Si era cierto, como decían, que el todo era exactamente igual a cada una de sus partes, al vaquero, agotado en medio de la noche fría del desierto, no le quedaba más que dar todos los pasos que pudiera, seguro eso sí de la dirección en la que iba pero nunca tan contravenido en su andar, y qué más da, como le habían asegurado, que no llegue todo el encargo con tal que llegue aunque sea una hoja. El pueblo de su destino no quedaba lejos, le dijeron. También le dijeron que no había por dónde perderse y que el camino era relativamente transitable... "fácil, no me dijeron que sería" se decía cada vez que uno de sus pies abandonaba el dolor de la presión contra el suelo para volver a encontrarse con el recuerdo de una sensación eterna separada por instantes de ingrávido alivio.

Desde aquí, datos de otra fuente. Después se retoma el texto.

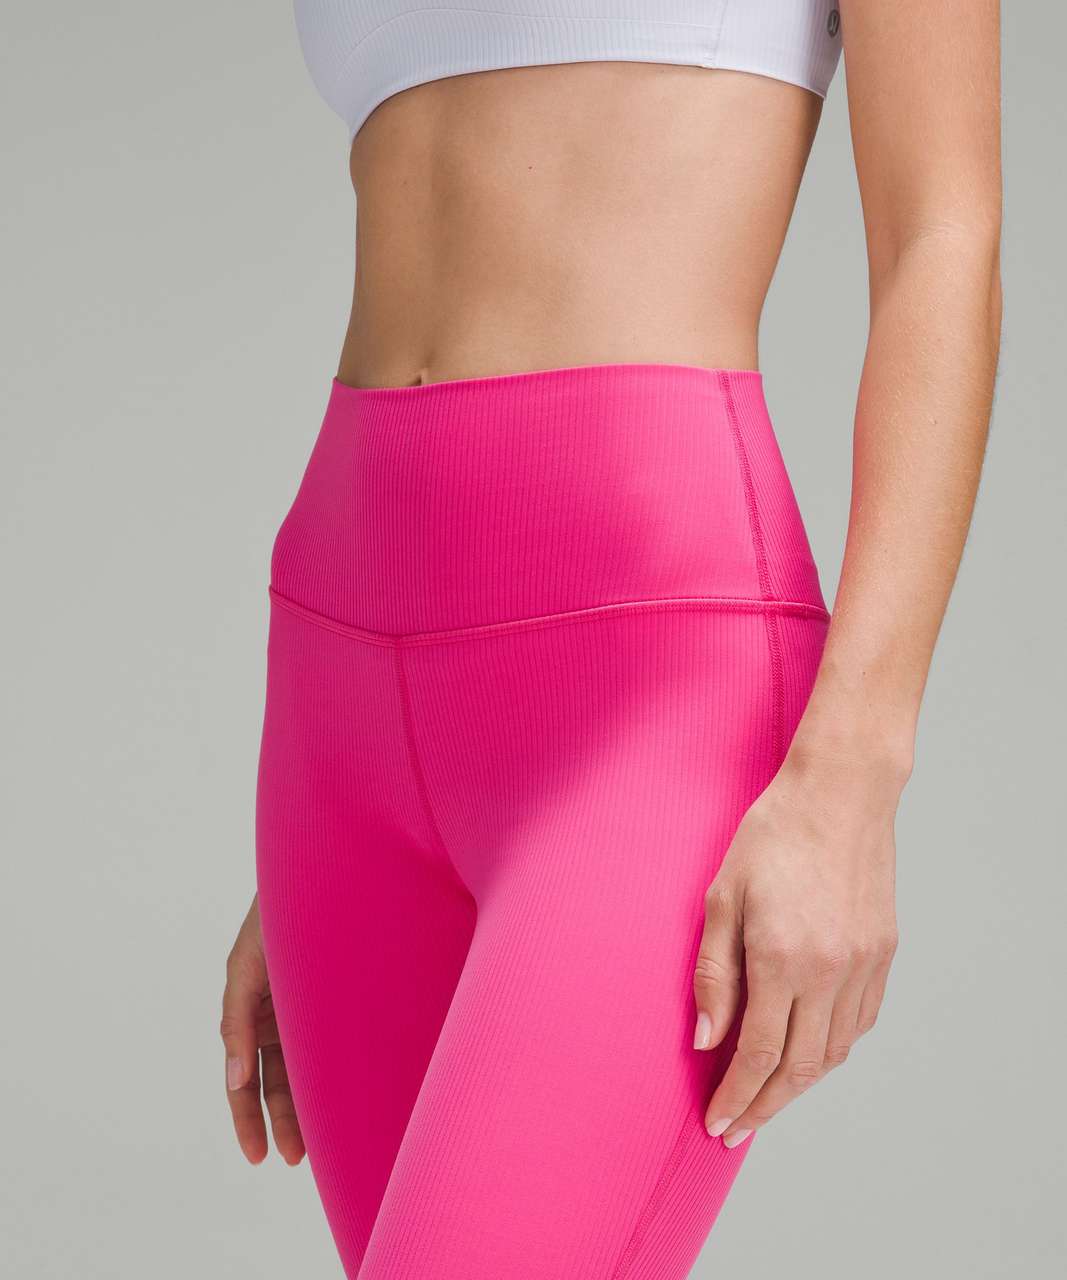 Lululemon Align 25” Leggings Pink Size 4 - $62 (38% Off Retail

Mientras apretaba el valiosísimo paquete de hojas contra sí para evitar que se desperdigara lo que quedaba del mismo veía en lontananza un puñado de luces. Desde donde partió le decían que el pueblo aquel sólo se dejaba ver de noche, que en el día el sol volvía imposible de ver, u oír, señal alguna del mismo. Qué importaba ya... la voluntad del viajero cedió a sus piernas cansadas de cada paso y sobre todo de los últimos. Cayó sobre la preciada carga sin poder, tal vez ni intentar, sujetar las hojas del encargo aquél que con envidiable ligereza nadaron en el aire perdiéndose en la noche.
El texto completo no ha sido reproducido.